Okay history lesson because y'all don't seem to know what "Old English" is: 1. Old Englis...

ellisno April 3, 2025 7:53 pm

Okay history lesson because y'all don't seem to know what "Old English" is:

1. Old English was a completely different language from Modern English, with grammatical gender, the "ch" sound like in Scottish "loch," and a bajillion noun declensions. OE was spoken in Britain until the Norman Conquest in 1066, at which point French became the dominant language on the island.

2. English as a language almost goes extinct after 1066 but was revived and reconstructed as what we now call Middle English. A bunch of French (and other foreign) words flooded the lexicon and most native English words were lost. English also lost grammatical gender and almost all of the noun declensions except the possessive -s. Spelling wasn't standardized, so if you read, like, Chaucer, you might see him spell the same word 2 different ways in the same stanza. Also the printing press is invented and English kings patronize English poets like Chaucer. The "y" in "Ye Olde Shoppe" is actually a runic letter called a thorn, and it's pronounced as "th."

3. Around 1500 (the Renaissance in England), Modern English emerges. Shakespeare spoke Early Modern English, and he wasn't the only person innovating with the language, but he was definitely the most influential. English translations of the Bible like the King James Version introduce a lot of idioms we still use today. Thou/thee/thy are still being used as informal singular 2nd-person pronouns (informal meaning you wouldn't call your social superior "thou," you'd still call them "you"), but they basically fall out of use by the 1800s. "Ye" as the object form of "you" also disappears. The long, drawn-out sentences of prose literature (Ciceronian sentences) survive well into the 1800s.

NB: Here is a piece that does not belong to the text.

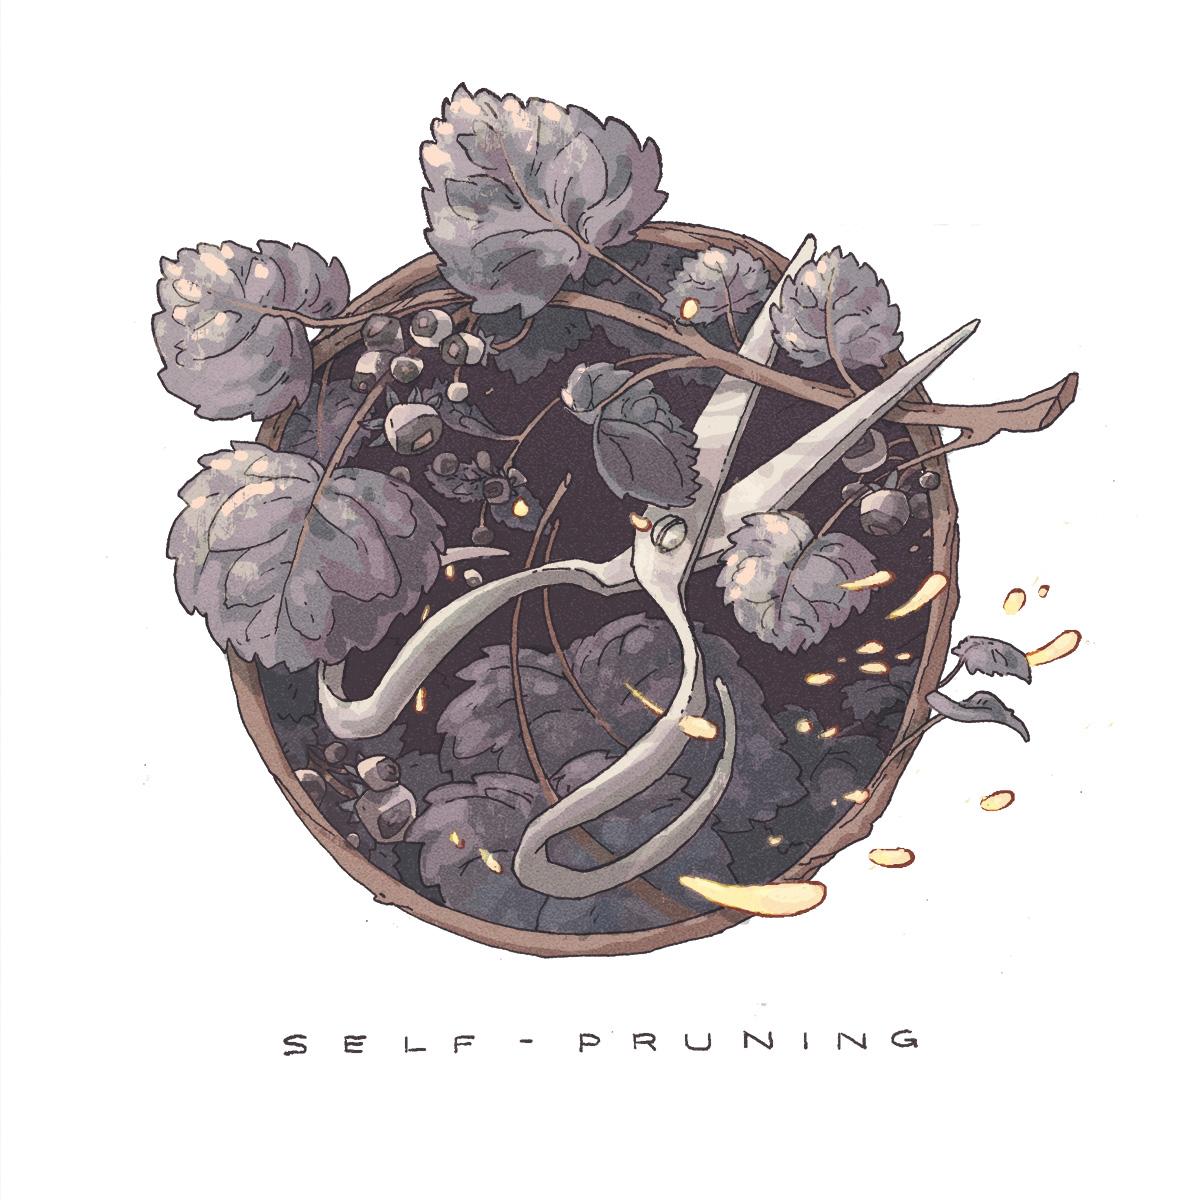 Self-Pruning

All of this is to say... the translation of this manhwa does not use Old English. It doesn't even use Shakespearean/Early Modern English. It uses fully modern English with big words and archaic-sounding sentence structure. The American school system is tragic dude........

Responses
    ellisno April 4, 2025 12:35 am

    I should clarify that I know that most of this comment section probably isn't American. So that last sentence is directed at the Americans specifically

    rawr April 4, 2025 7:25 pm

    American here! I know how what Old English is and most American do as well. I don't get the obsession with Americans some Europeans have when they're school systems are no better

    ellisno April 4, 2025 9:46 pm
    American here! I know how what Old English is and most American do as well. I don't get the obsession with Americans some Europeans have when they're school systems are no better rawr

    It could vary by state. I was born and raised in Alabama and (at least anecdotally) maybe 1 out of 5 people around here would know what Old English actually is

    rawr April 4, 2025 11:35 pm
    It could vary by state. I was born and raised in Alabama and (at least anecdotally) maybe 1 out of 5 people around here would know what Old English actually is ellisno

    I don't live in Alabama so I can't say much about Alabama but where I live a good amount knows old English. Alabama also ranks 45th in Education in US rankings, so I don't think that's a good example when the US is #31 in rank.